America’s largest residential ecosystem is also the most regulated.

Owning and operating an apartment in the country’s oldest and most regulated housing market comes with a host of maintenance challenges.

Landlords face problems related to heat and water, and also general repair requests from individual residents on a regular basis. Talking to them is of paramount importance in order to remain compliant with NYC regulations.

According to Michael Gareth Johnson, director of the Community Housing Improvement Program (CHIP), New York City’s residential ecosystem, which includes more than 2 million rental homes, is incredibly complex.

“Things will break down,” Johnson said, because the 2023 survey found that about 54% of housing was built before 1947. The other 26% was built between 1947 and 1974.

Tenants have several options to report repairs and request service – including direct communication.

“The city has internal systems that generate violations and complaints,” Johnson said. “If it’s a dangerous situation, city inspectors will notify landlords as soon as possible.
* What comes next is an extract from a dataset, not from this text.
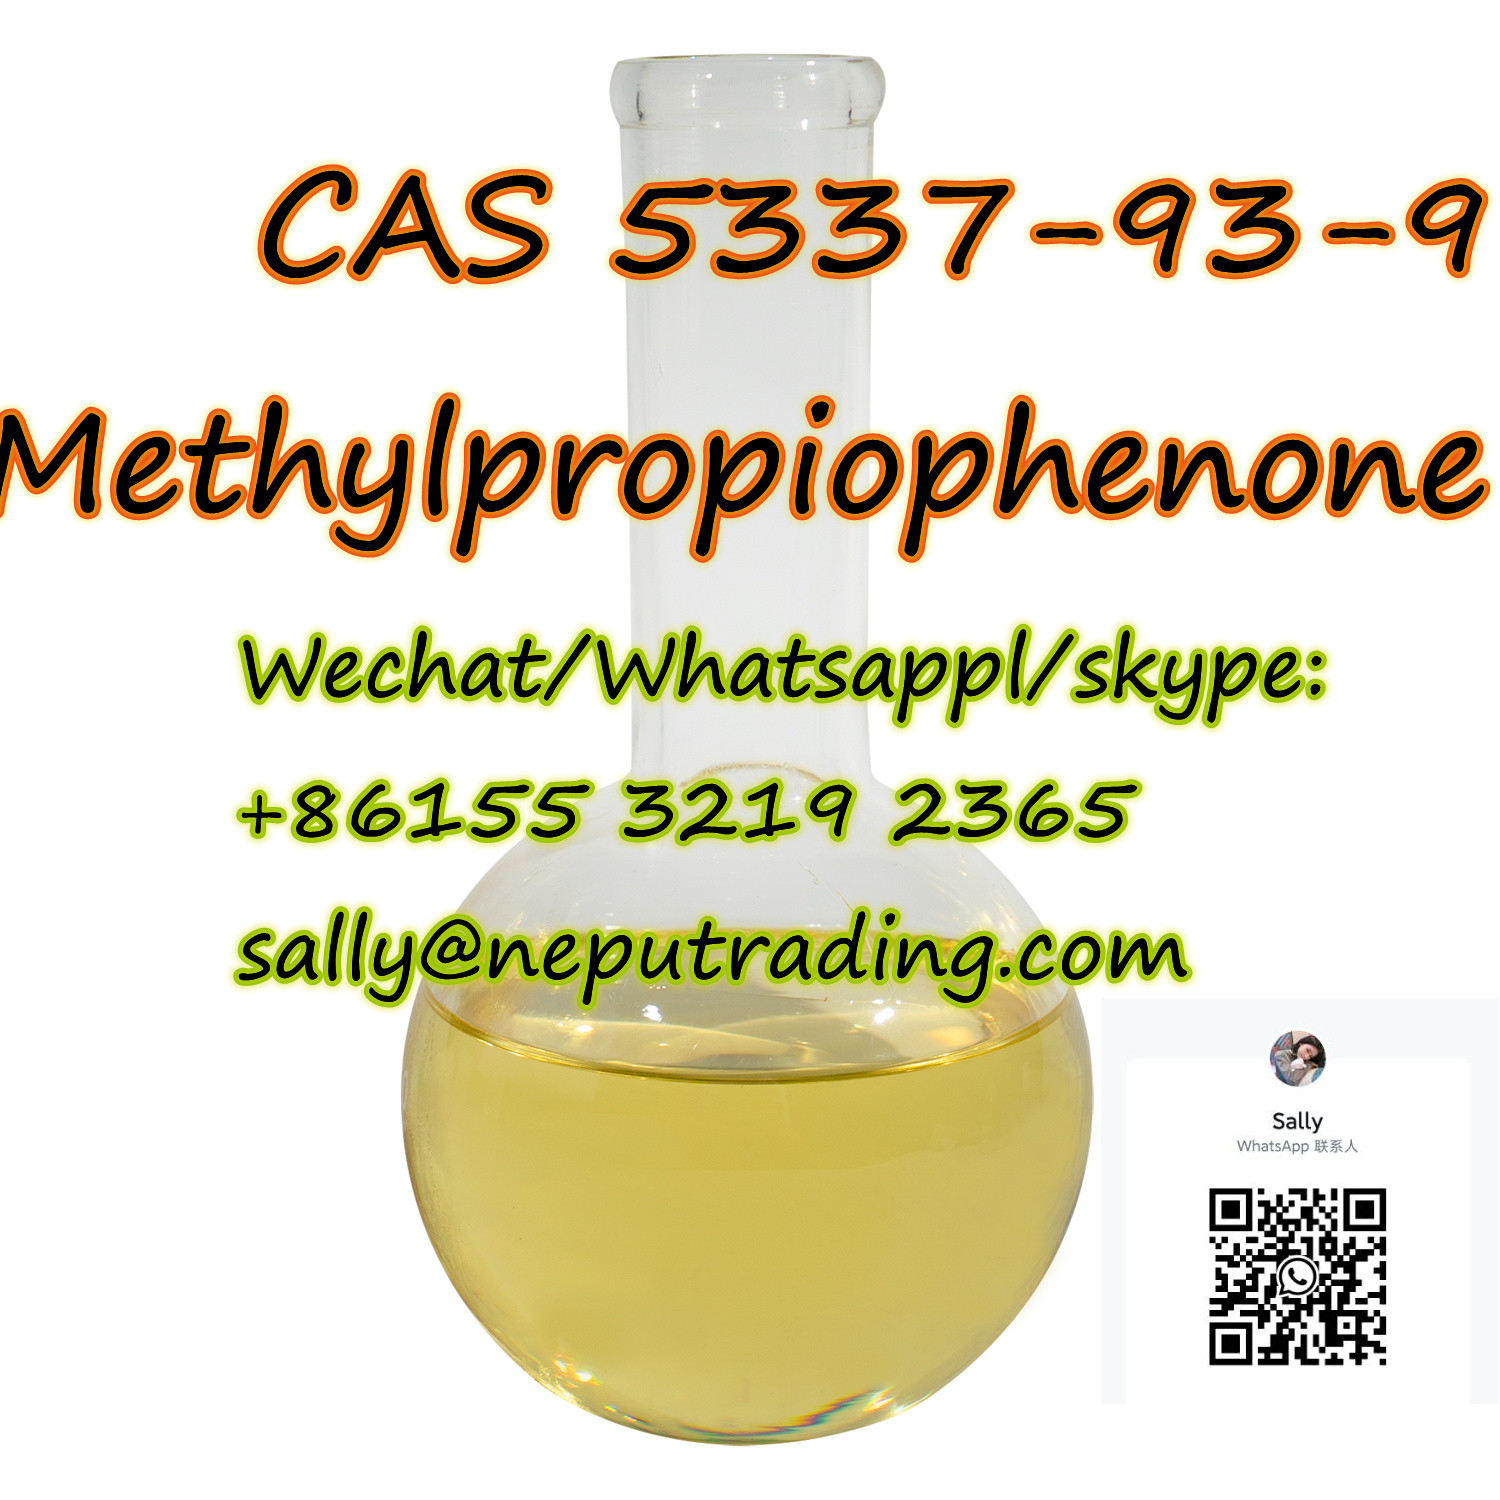 CAS 5337-93-9 Methylpropiophenone whatsapp:+8615532192365 - photo

Otherwise, landlords often rely on service partners to receive alerts.

In most cases, tenants simply call 311 to file a complaint, said Alex Cohn, chief operating officer at J. Vassar & Co., Brooklyn.

“Managing 2,200 units in the city, I wake up with maintenance alerts almost every day,” he said.

Kohan said tenants can complain about anything, whether it’s a crack in the wall, a loose floor tile, or a sloping wood floor.

Homeowners have one week to make the repairs. HPD checks on the progress. If it’s not done in a week, a violation is issued. Violation fines are based on the violation and range from $50 to more than $1,000. Lead-based paint fines can be up to $10,000.

Once the landlord makes the repairs, HPD inspects them. If it’s done to the tenant’s satisfaction, HPD removes the violation. If it’s not, it becomes a much bigger deal, Kohn said, adding that there should never be situations where landlords are harassing their tenants, kicking them out by not doing the work.

“It’s unfortunate that the situation today got out of control and HPD overstepped its boundaries,” he said.

So, getting alerts is important, Kohn said. Using AppWork, he said, the software keeps track of everything going on in the process. For homeowners, there’s no data entry anymore. It’s all done automatically, including photos and layouts.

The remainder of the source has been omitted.